Governor Chafee on Tuesday signed into law the open records changes pushed through the General Assembly by Rep. Michael Marcello and Sen. James Sheehan. Rhode Island was the second-to-last state to pass a public records law when it finally did so back in 1979, and this is the first significant improvement to the statute in 14 years. The changes take effect Sept. 1.

Common Cause Rhode Island has been a leading advocate for public records reform, so I asked its executive director John Marion to explain what the new law will do, and what remains to be done:

The newly amended Access to Public Records Act (APRA) makes several significant changes to what information will be made public and several significant changes to the processes for making information public.

The most significant change is the removal of the blanket exemption for personally identifiable records with the addition of a balancing test that would allow records to be kept private if it meets the standard of being an “unwarranted invasion of personal privacy.” This is the federal standard that has been in place for decades. In addition to this new standard, the law classifies several specific types of records as public, including employment contracts and pensions being received by beneficiaries. Sharp Nesi’s Notes readers will note that the latter were declared public records last year in an advisory opinion by the attorney general’s office, but we wanted to make sure those remain public records even if the attorney general’s opinion changes.

The process-oriented changes include putting into statute that you do not have to disclose who you are when making a request. This protects the requester from harassment. Also, the new law requires public bodies to have a designated person trained to handle APRA requests; requires the public body to give the records in the preferred format of the requester; and increases the fines for violations of the law by public bodies. Our public records law, last amended in 1998, was showing its age, and making sure that you can get records scanned and emailed to you, if that’s not a burden to the public body, brings the law into the 21st century.

What we proposed, but did not make it into the final bill, included lowering the number of days for a response by the public bodies from 10 to seven days and a partial repeal of the exemption for correspondence of elected officials.
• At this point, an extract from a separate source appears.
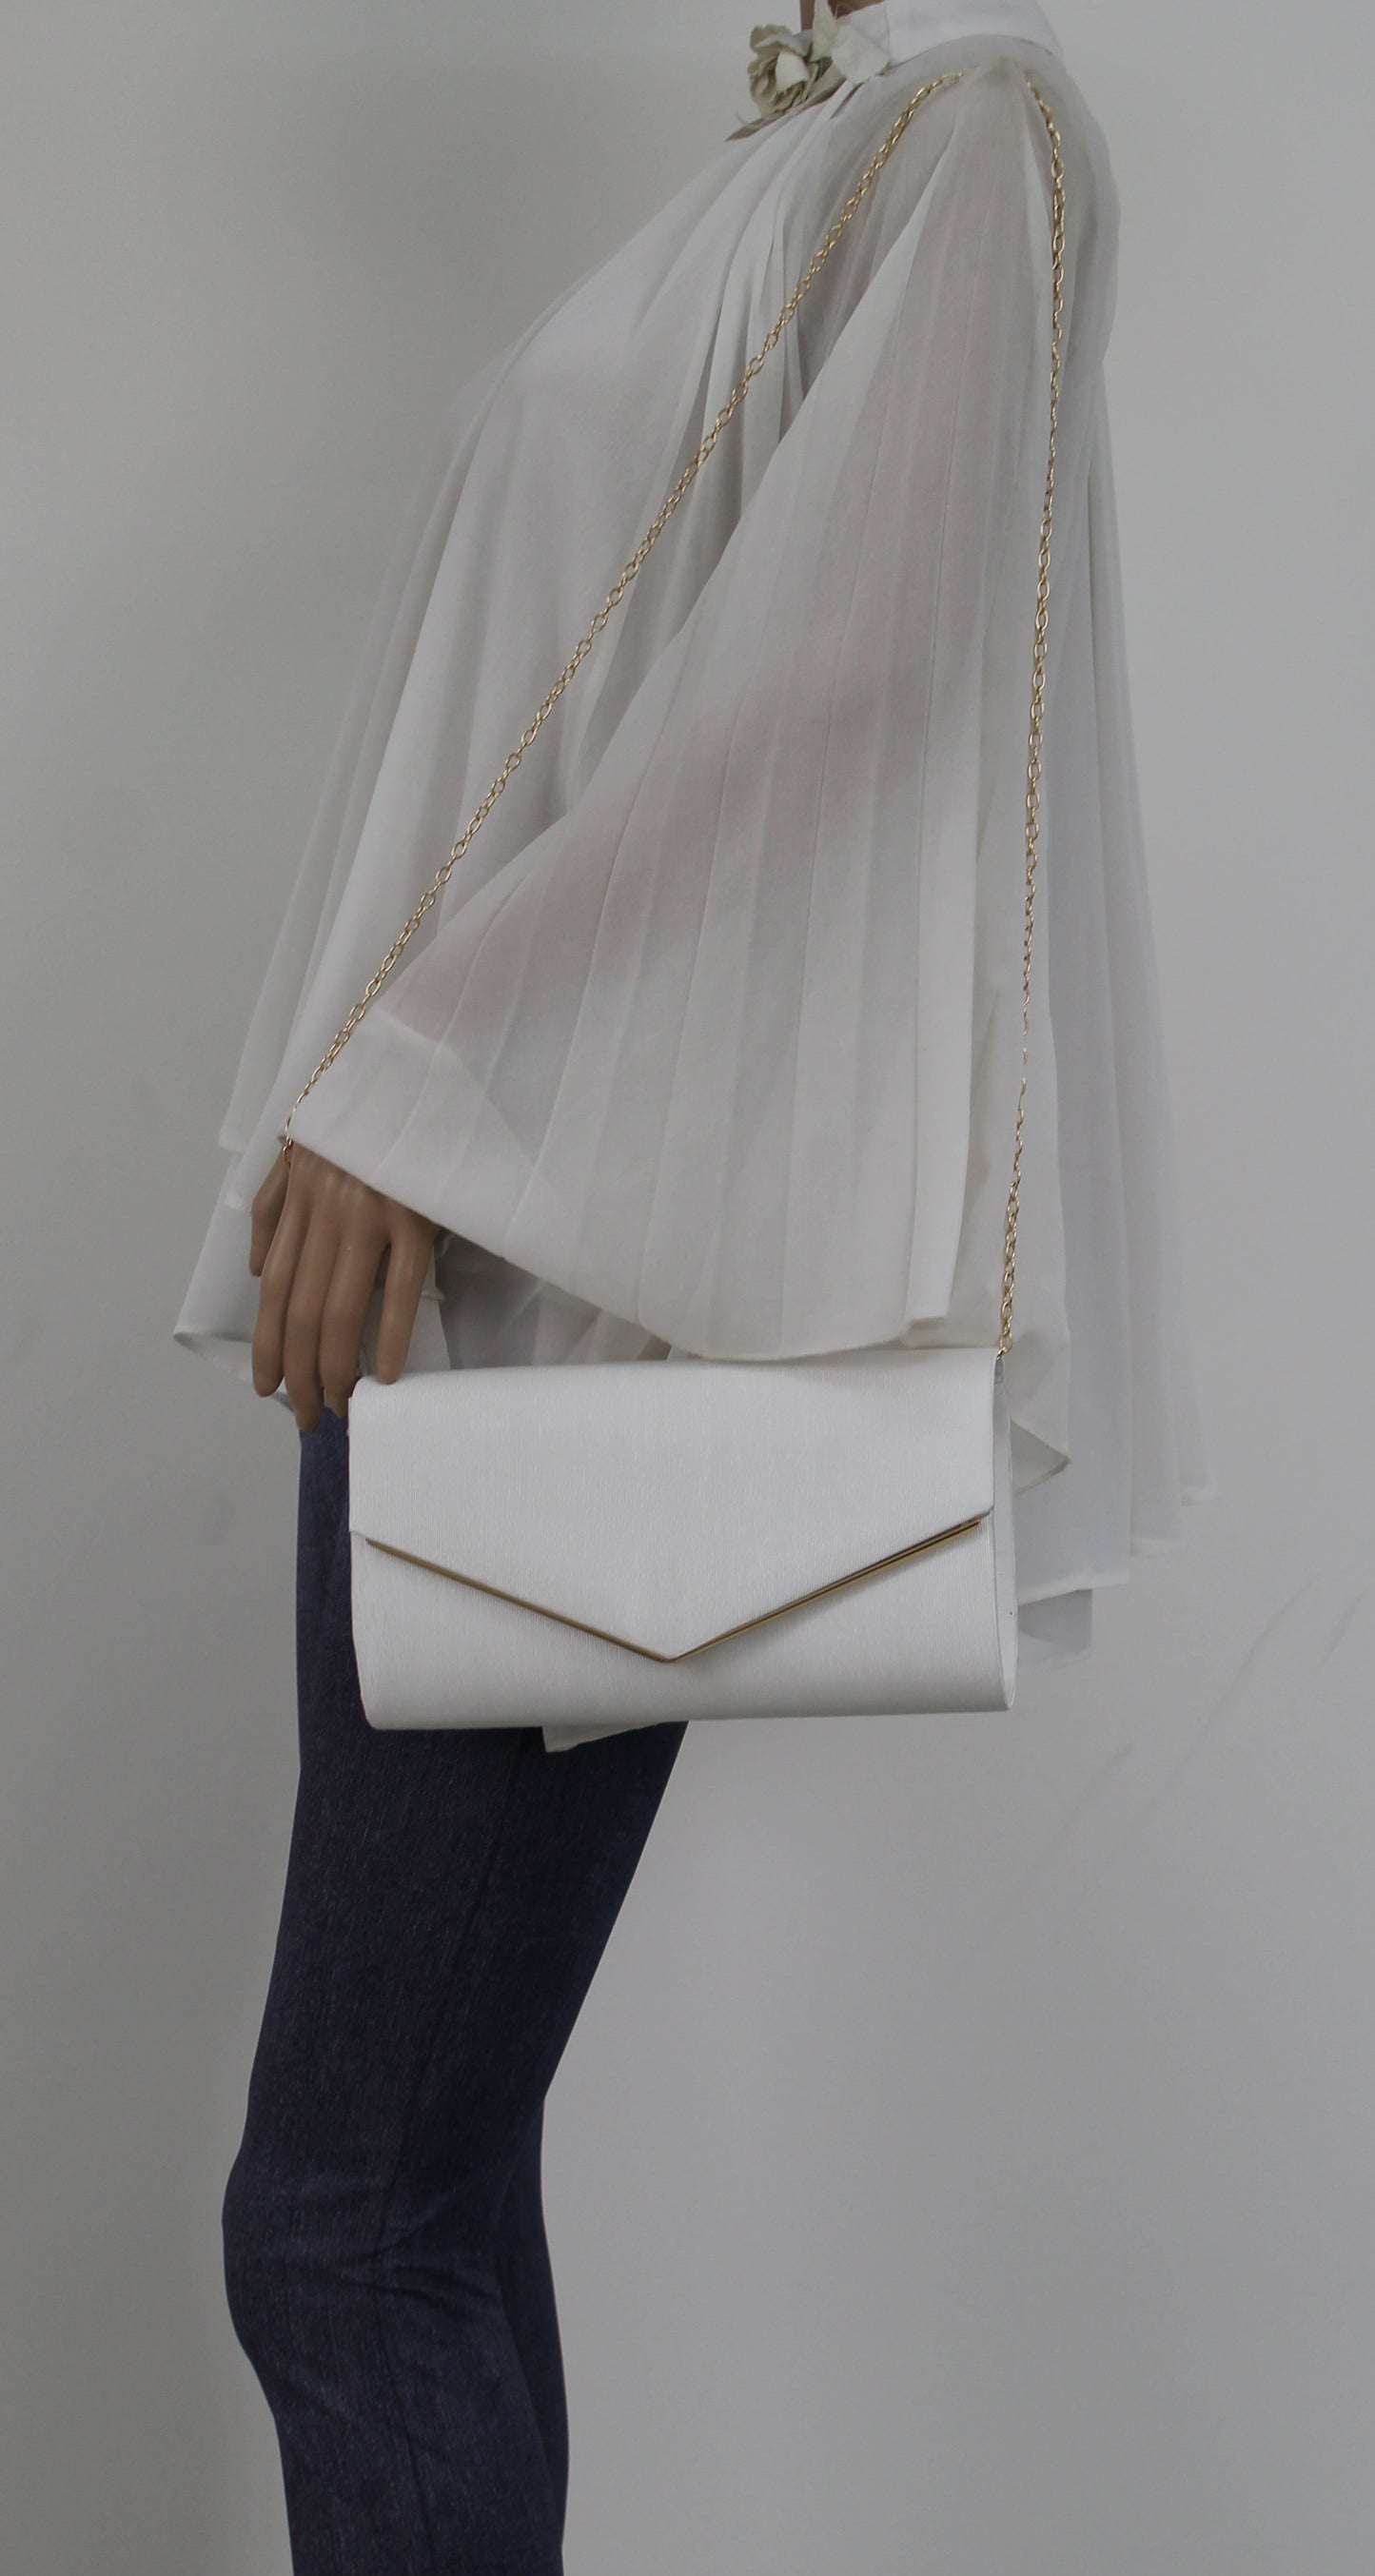 Alison Satin Envelope Clutch Bag White
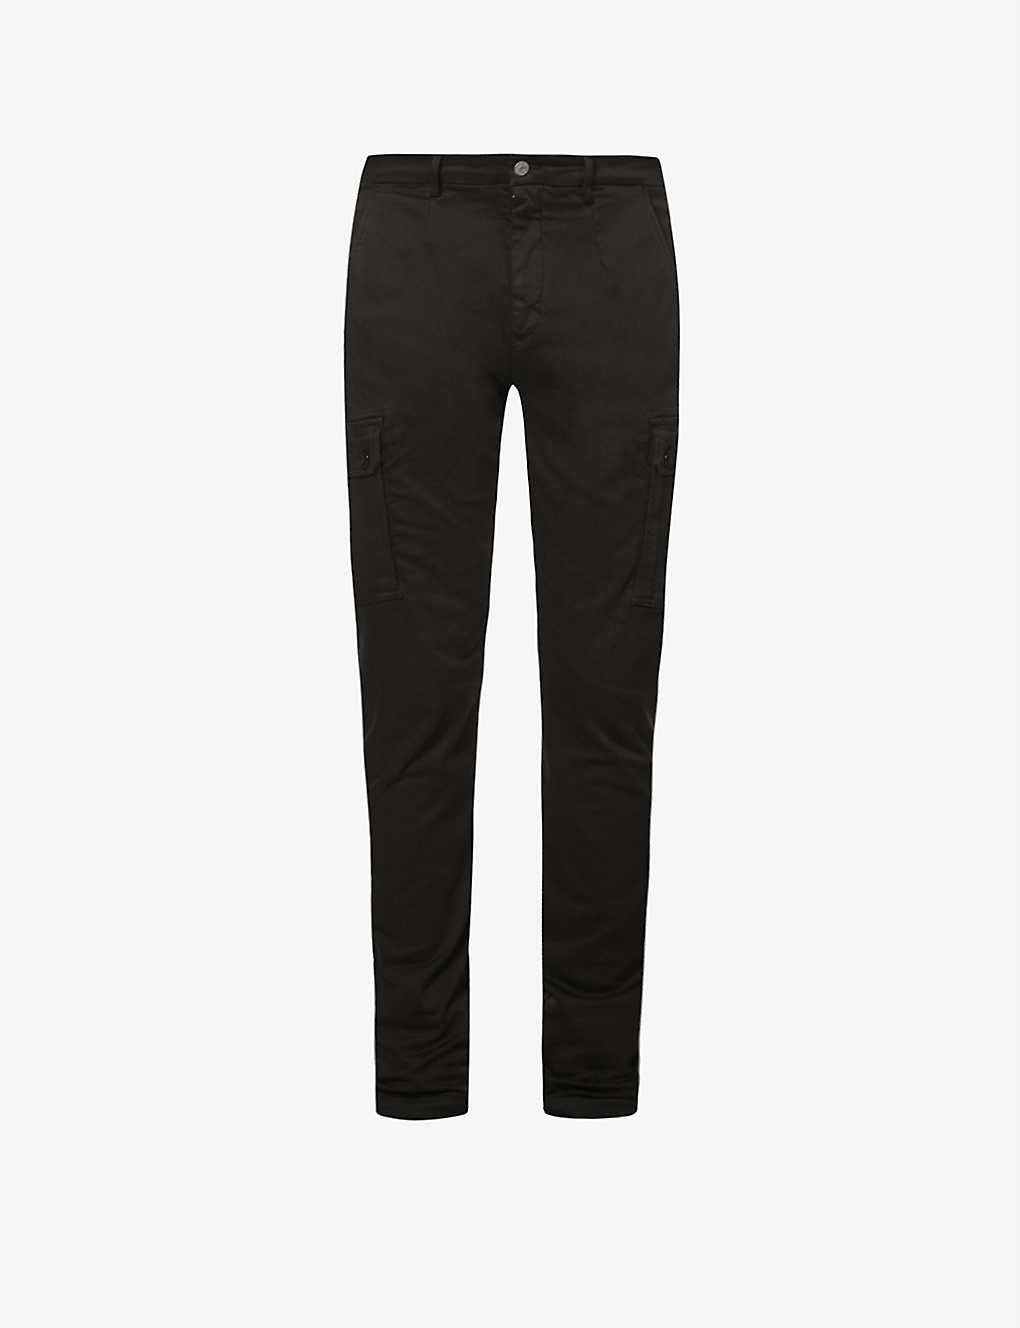 Replay Jaan Hyperflex Slim-fit Slim-leg Cotton-blend Cargo Trousers In Black

I hope we will be able to revisit those questions in the future because there is a real value in knowing what public officials are doing on our behalf.

That reference to correspondence of elected officials includes all of David Cicilline’s emails from his time as mayor of Providence, which Tim White and I tried (unsuccessfully) to obtain last year.

Tim will have more details about the new law at 6 p.m. on WPRI 12.

• Related: With no info-nudists, RI needs public records laws (March 21, 2011)

(photo: Tim White/WPRI)

This post has been updated and revised.

4 thoughts on “Chafee signs public records law; what it does (and doesn’t) do

  1. It won’t really matter if there is a privacy test or not, as is evidenced when NYC and LA were court ordered to make teacher’s evaluations public. Humiliating private citizens who teach children is case in point why “privacy tests” do not work. The media and its lawyers make a case for parents right to know, and innocent people get dragged through the mud using bogus tests scores to sell newspapers and air-time.

    The media fancies itself a moral gatekeeper of democracy, when instead, it is a business out to make money. I wonder which side the champions of open records laws will take when they are salivating over the right to publish teacher’s evaluation scores once they will become available in the very near future. I will be around to remind the RI media when this happens.

  2. The new law protects Requesters from harassment!-
    -how will the person who is the Subject of a request be Protected?